The Hidden Economics of Artificial Intelligence: Why Compute Costs, Token Accounting, and Human Intuition Are Rewriting the AI Value Equation
DOI:
https://doi.org/10.5281/zenodo.20354347Keywords:
AI Economics, Cost Efficiency, Human vs AI, Workforce Automation, Compute Costs, Task Allocation, AI Deployment, Scaling LawsAbstract
There's a quiet revolution taking place in the AI sector. The news comes as top chipmakers' executives have been weighing in on the costs of compute, with some of the world's top highperformance AI research teams now spending more on compute than payroll. This article explores the hidden cost structure of enterprise AI and how token based pricing causes accounting distortions and when human labor is the less expensive and more intelligent choice. The analysis is based on lessons learnt from cloud infrastructure billing trends, the trajectory of costs of inferences and workforce productivity studies to distinguish between “real” and “imagined” savings.
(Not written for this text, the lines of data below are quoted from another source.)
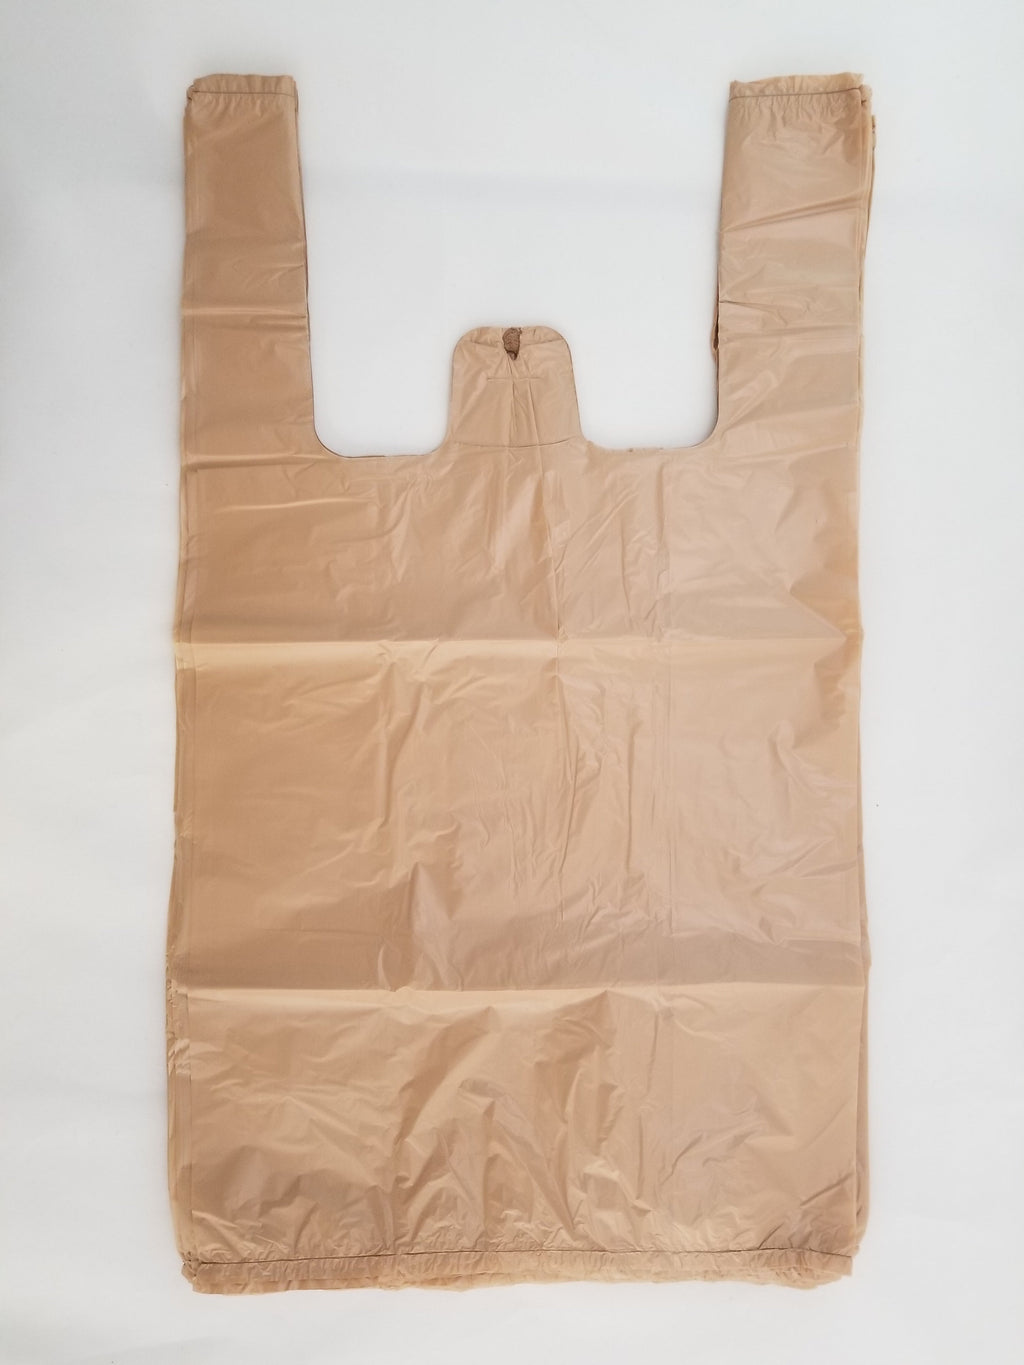 Medium Brown Plastic Shopping Bags-1,000 Bags / Box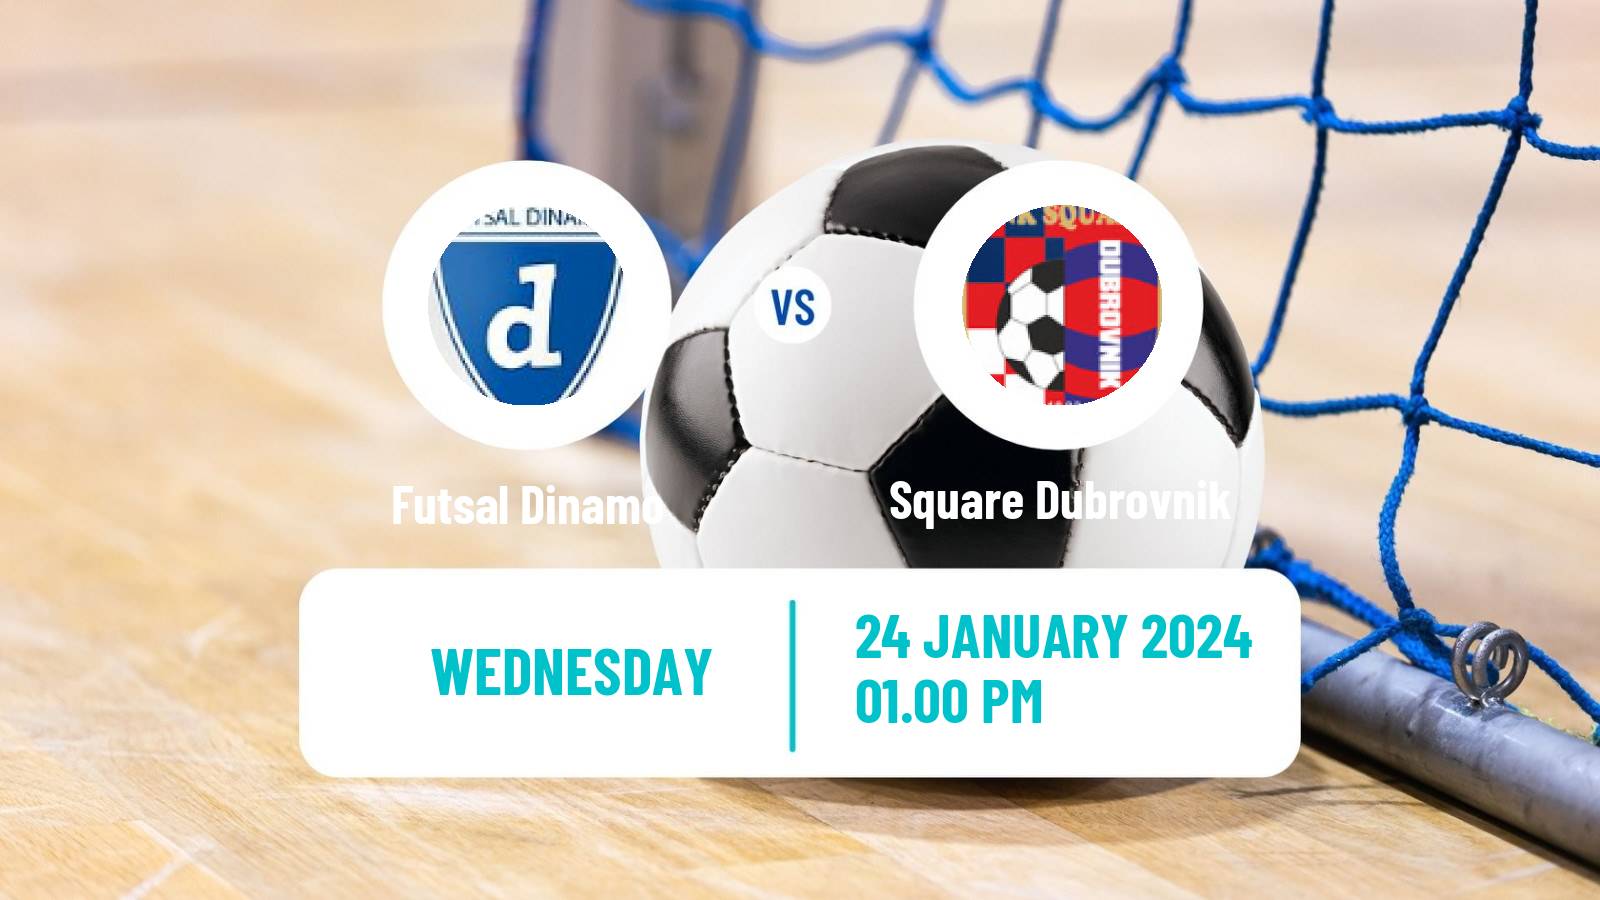 Futsal Croatian 1 HMNL Futsal Dinamo - Square Dubrovnik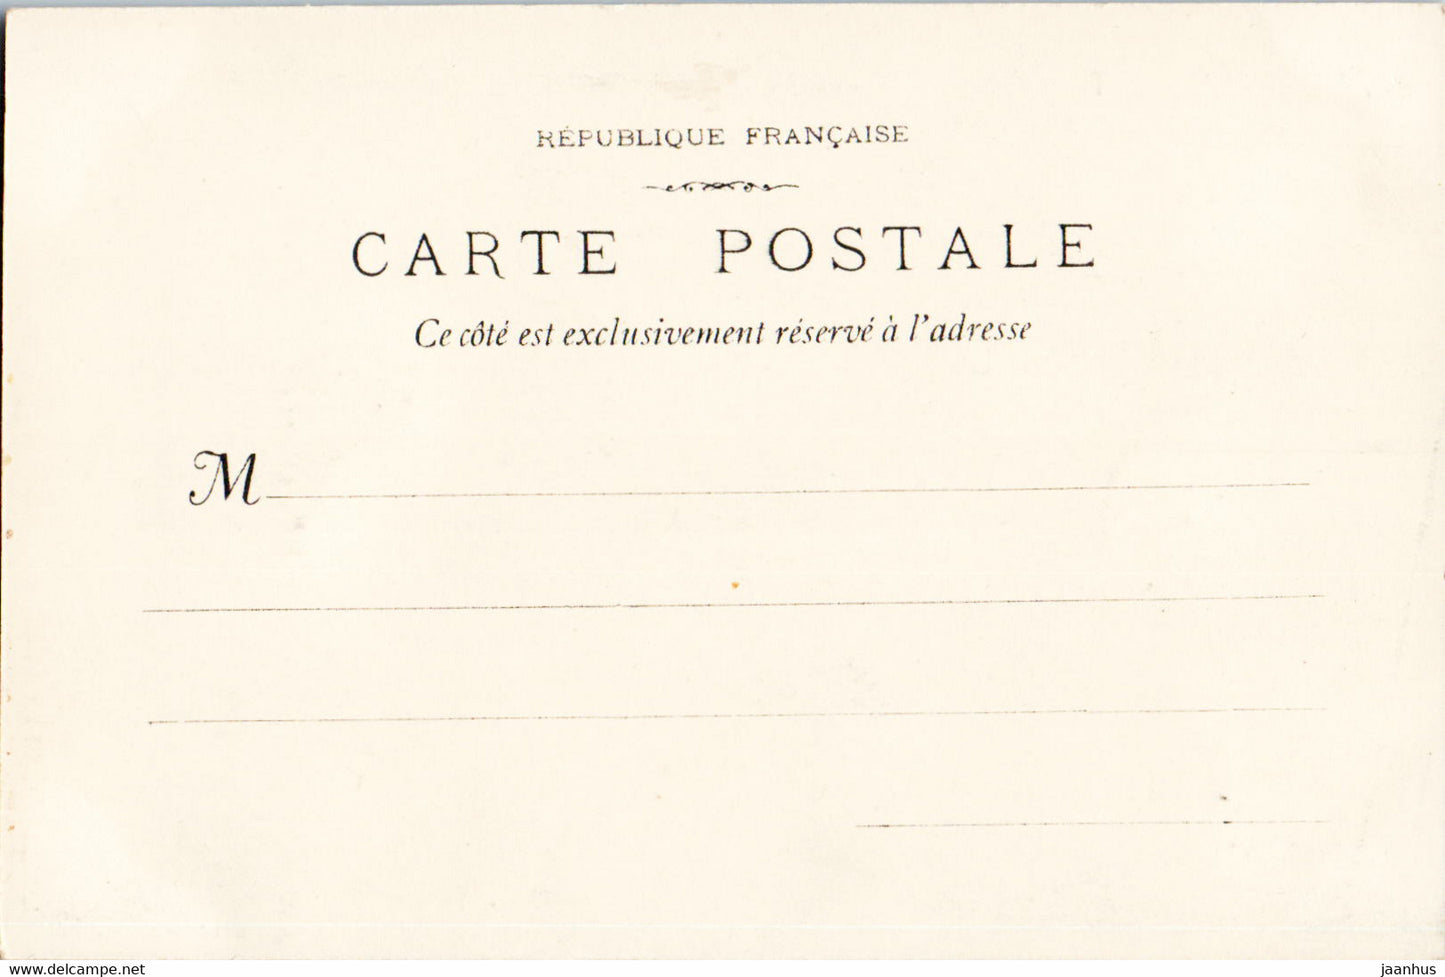 Orange - L'Arc de Triomphe - ancient - 711 - old postcard - France - unused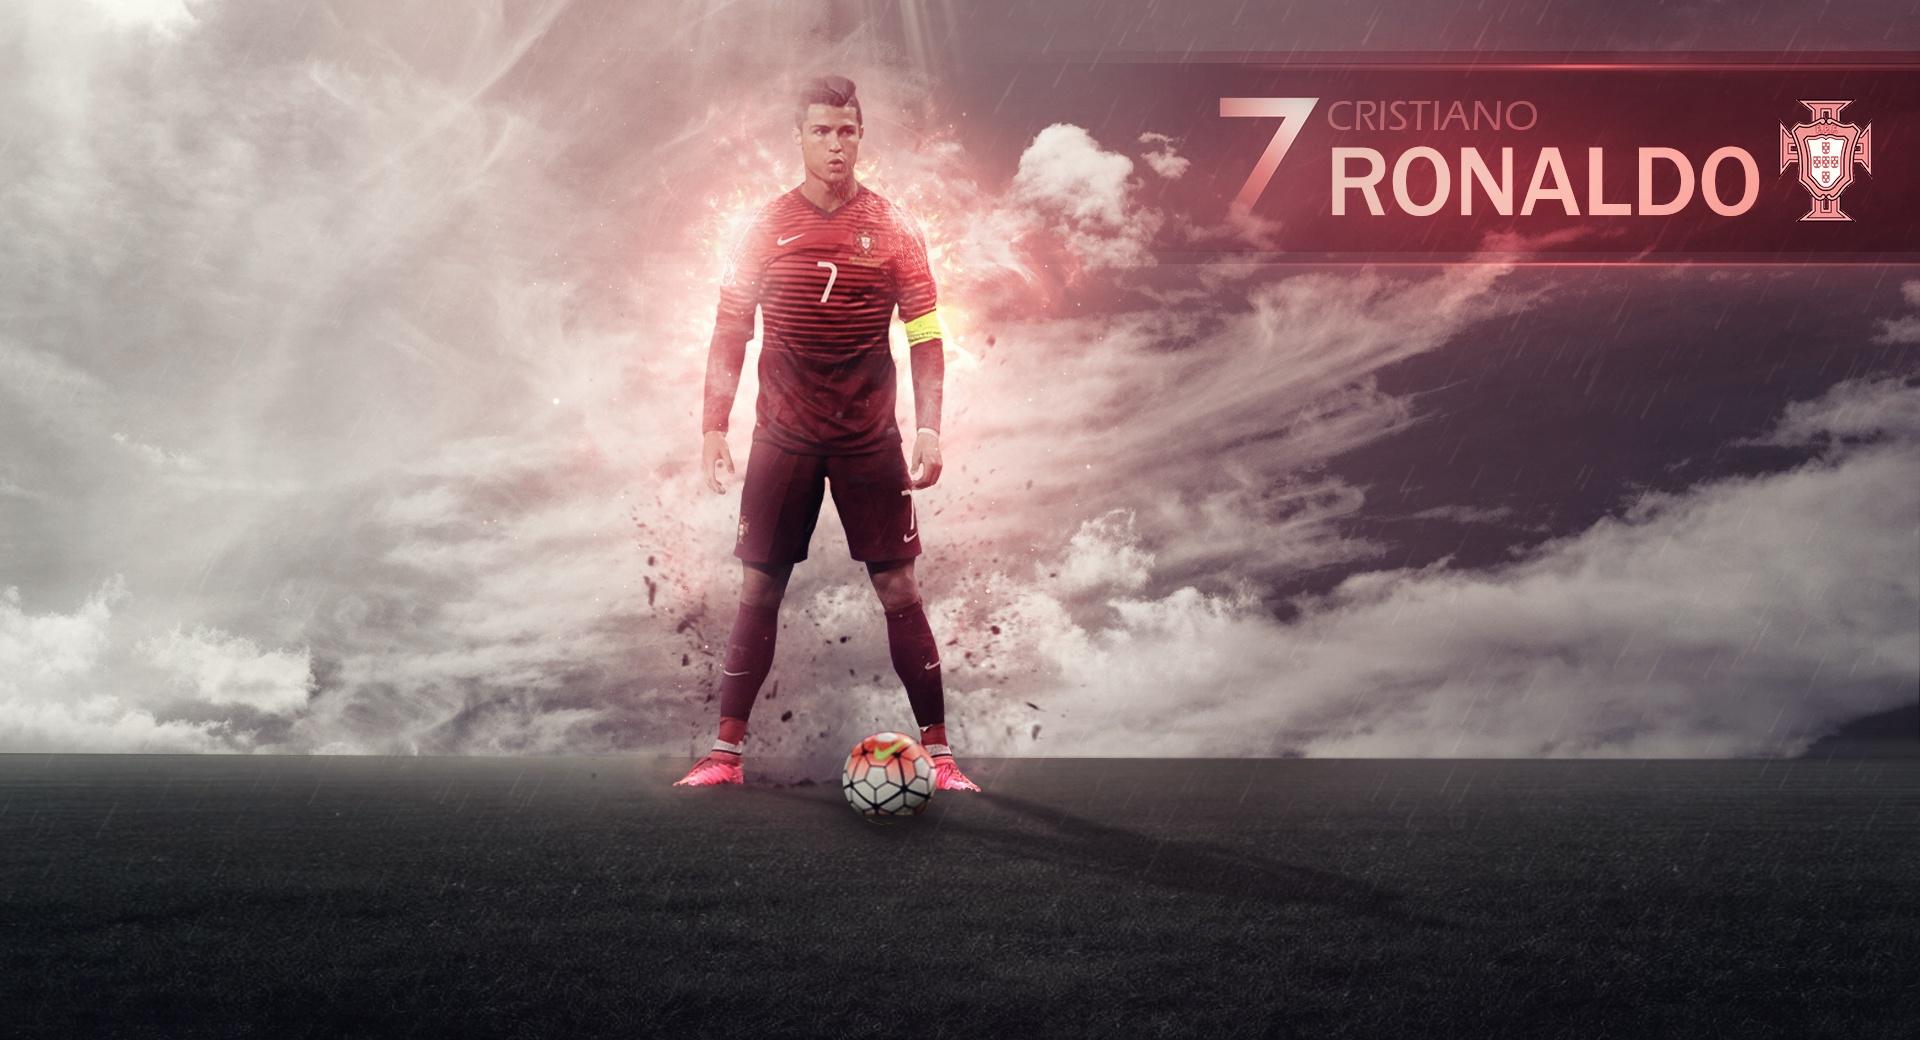 UEFA EURO 2016  Cristiano Ronaldo at 2048 x 2048 iPad size wallpapers HD quality

It says that the AI bubble, as claimed, is not about to burst, but nor is AI as claimed, "superior to human labor. The paper provides a task by task decision framework, a five step operational roadmap for leaders and a forward looking perspective on how efficiency improvements in hardware and model design could change the equation in the next 3-5 years. The main point is that the only way to extract value from AI is to match the workflow with either the worker or machine or human that has the greatest return on investment in dollars.